Each of the rotation angle sensors SU, SV, and SW is configured with, for example, a Hall element. Each of the rotation angle sensors SU, SV, and SW senses the rotation angle θ of the motor shaft 14 by sensing the magnetic field created by sensor magnets 20 that are mounted on the motor shaft 14, and outputs a sensing signal indicative of the sensed rotation angle θ.

Thirdly, in the present embodiment, the power supply control device 6 includes a control circuit 60 and a motor drive circuit 70. The control circuit 60 is disposed outside the electric motor 4, while the motor drive circuit 70 is disposed inside the electric motor 4, It should be appreciated that the control circuit 60 and the motor drive circuit 70 may be disposed together either outside or inside the electric motor 4.

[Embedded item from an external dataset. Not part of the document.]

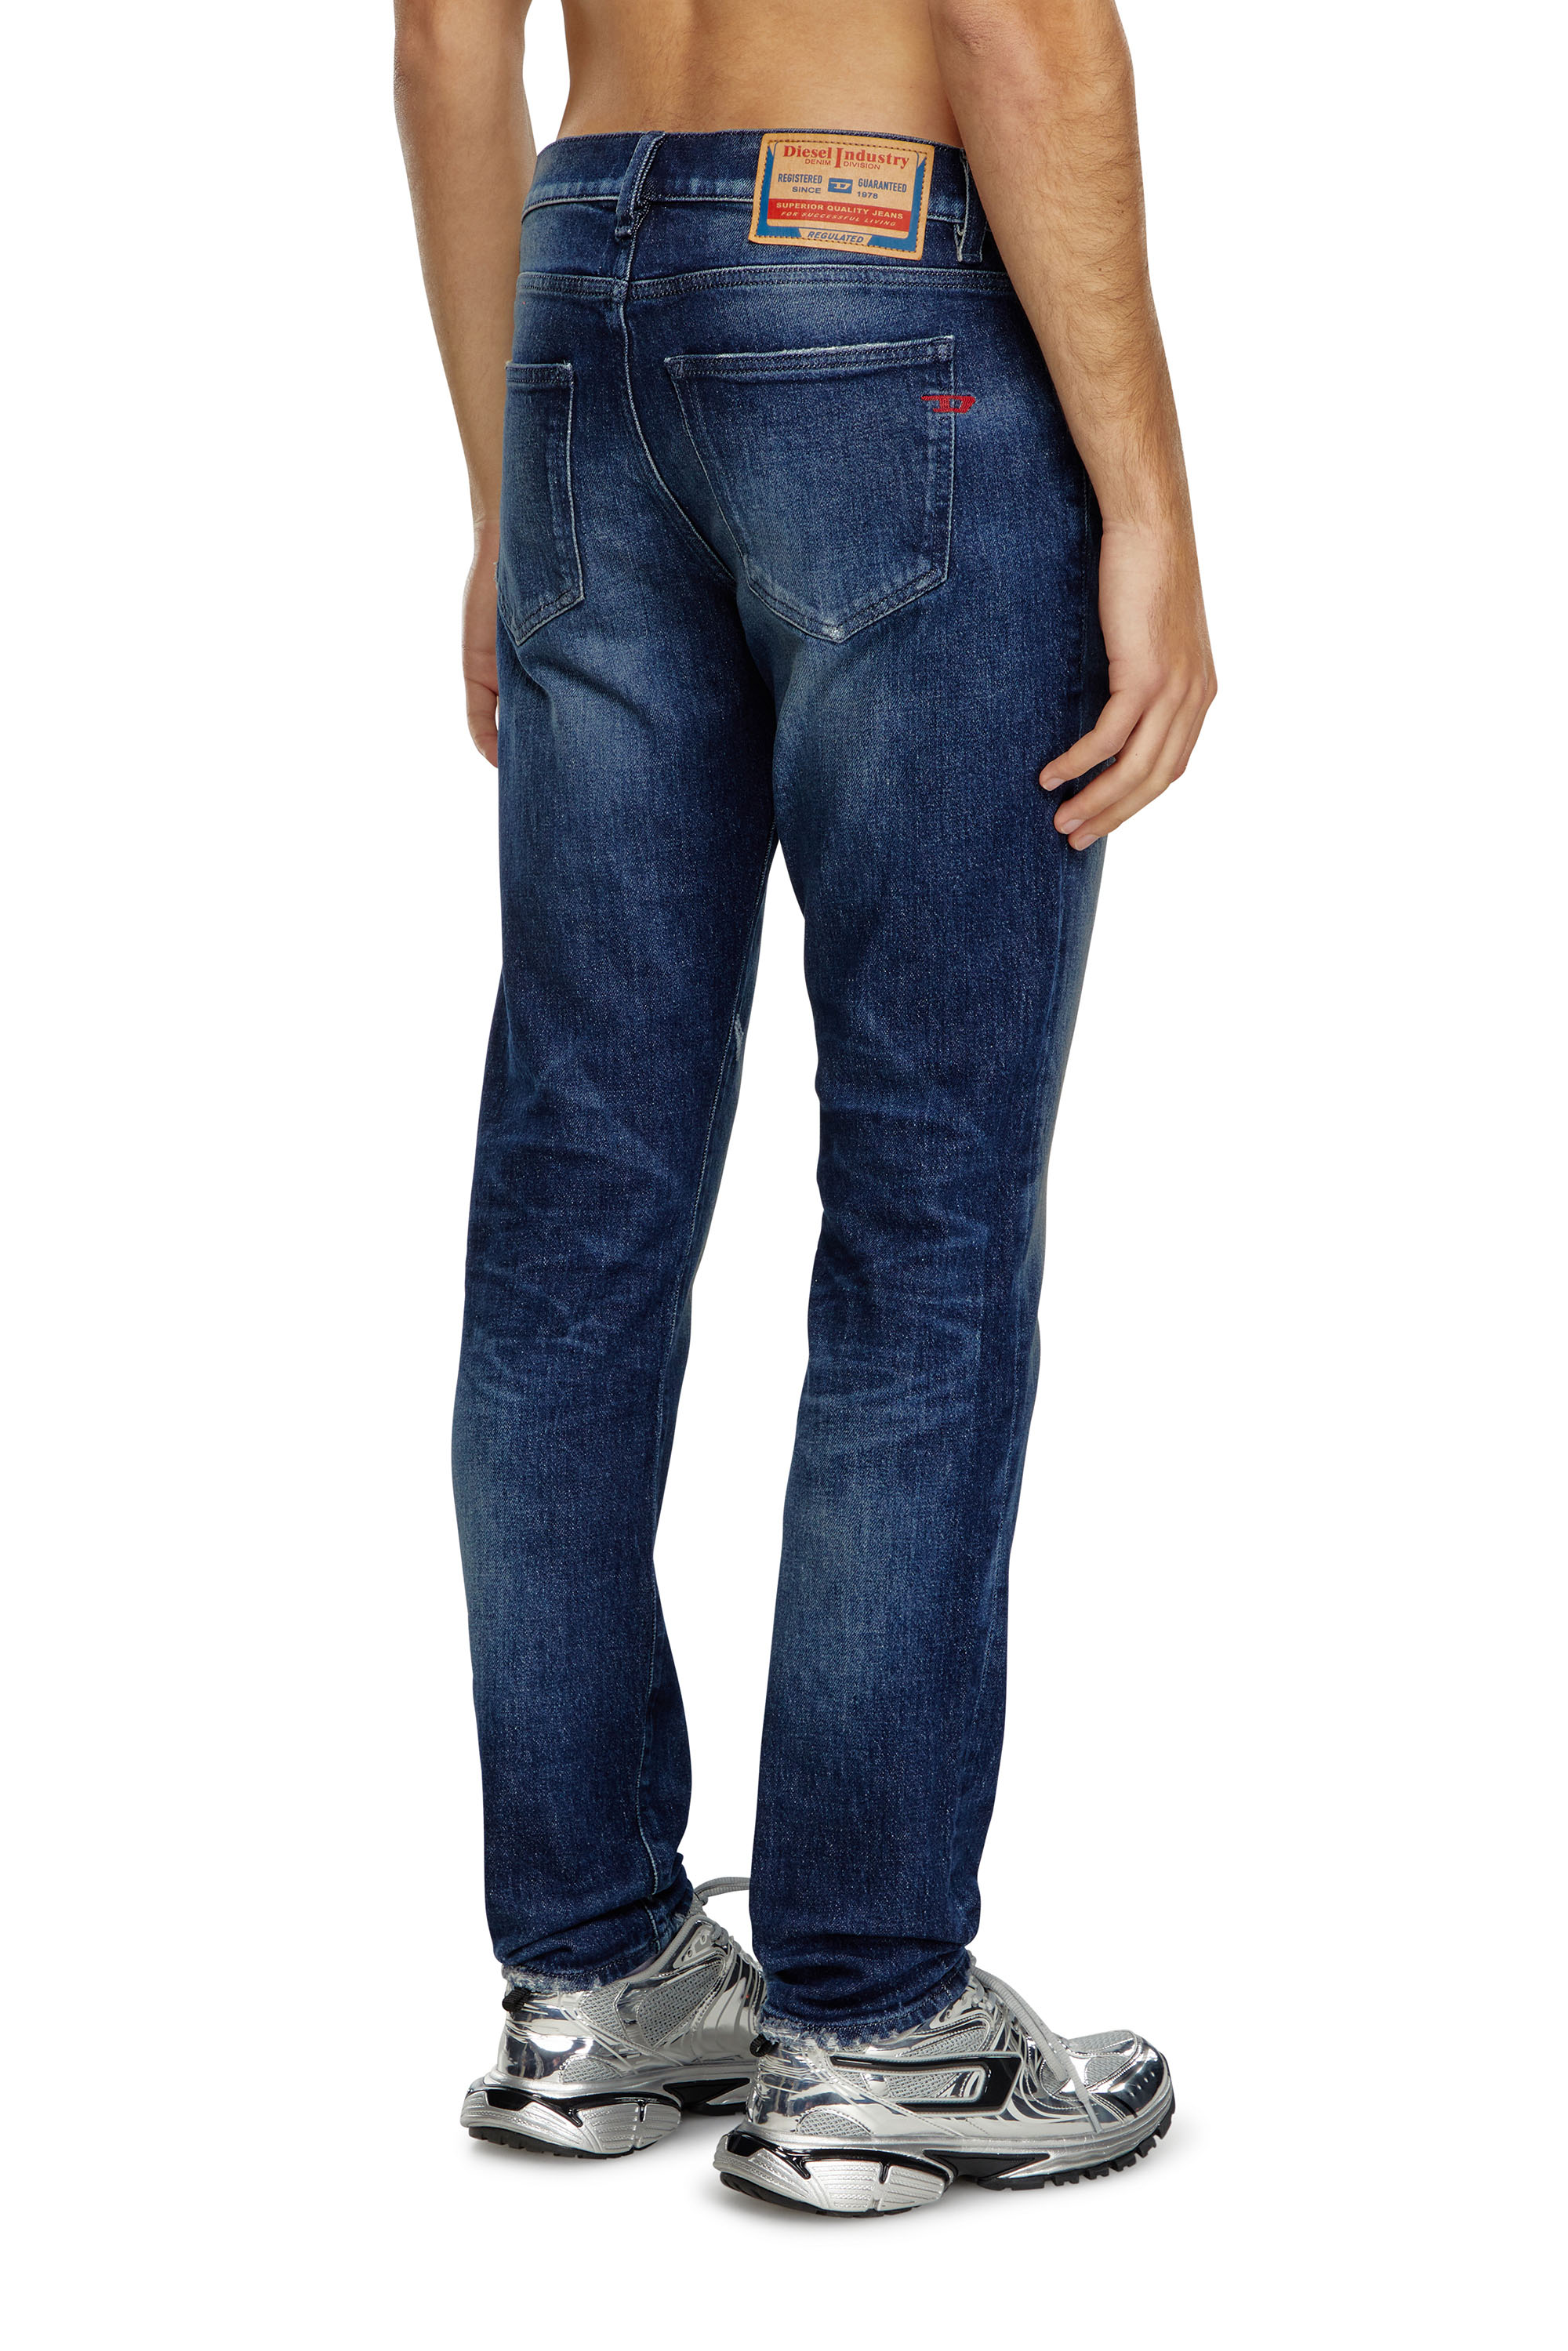 Diesel - Slim Jeans 2019 D-Strukt 09J56, Hombre Slim Jeans - 2019 D-Strukt in Azul marino - Image 3

The control circuit 60 is configured with, for example, a microcomputer. The control circuit 60 is, as shown in FIG. 7, electrically connected to the motor drive circuit 70. The control circuit 60 controls the operation of the engine as well as the power supply to the electric motor 4.

The control circuit 60 determines the actual valve timing of the intake valves based on the actual rotational direction Dr and actual rotational speed Sr of the motor shat 14 provided by the motor drive circuit 70. The control circuit 60 also sets a target valve timing of the intake valves based on the operating condition of the engine. Further, the control circuit 60 sets a target rotational direction Dt and a target rotational speed St of the motor shaft 14 based on the difference between the actual and target valve timings. Then, the control circuit 60 outputs a control signal, which indicates the set target rotational direction Dt and target rotational speed St, to the motor drive circuit 70.

The motor drive circuit 70 includes a signal generation block 72 and a power supply block 74. In the present embodiment, each of the blocks 72 and 74 is implemented by hardware, more particularly by a dedicated electric circuit element.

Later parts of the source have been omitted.